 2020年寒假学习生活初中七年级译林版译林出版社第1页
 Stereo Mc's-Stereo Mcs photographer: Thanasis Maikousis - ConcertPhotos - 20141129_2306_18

* * *

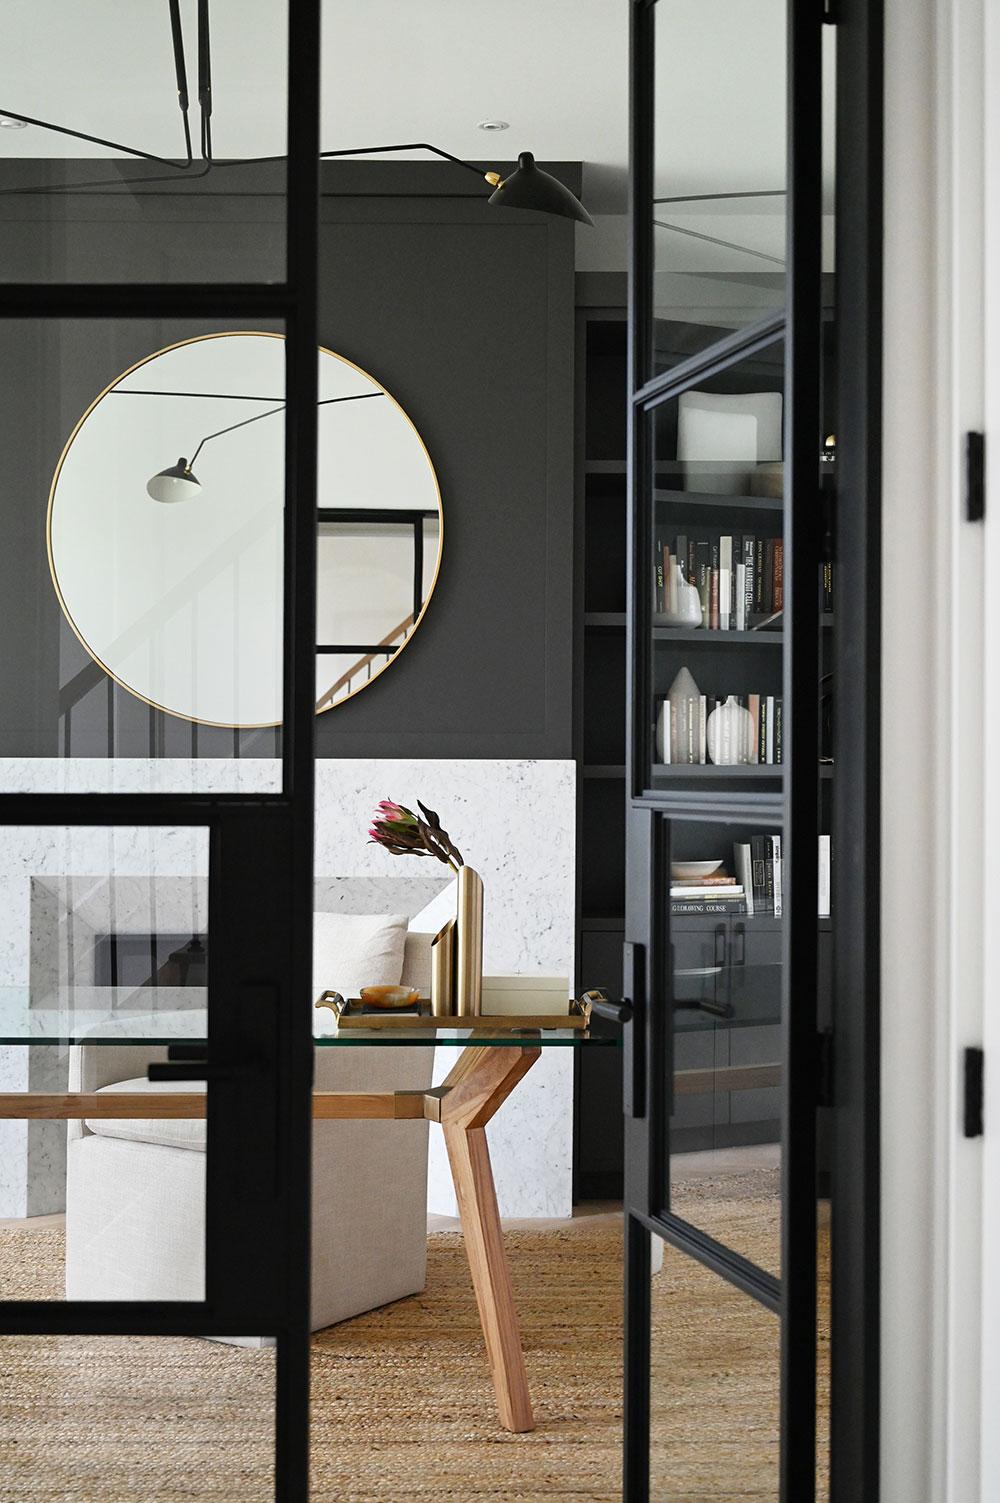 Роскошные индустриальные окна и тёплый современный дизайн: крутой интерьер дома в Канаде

Try it =>
For this exercise, repeat exactly the lines of the data above from the one with "2020年寒假学习生活初中七年级译林版译林出版社第1页" down to the one with "Stereo Mc's-Stereo Mcs", both end lines included.

Response =>
 2020年寒假学习生活初中七年级译林版译林出版社第1页
 Stereo Mc's-Stereo Mcs photographer: Thanasis Maikousis - ConcertPhotos - 20141129_2306_18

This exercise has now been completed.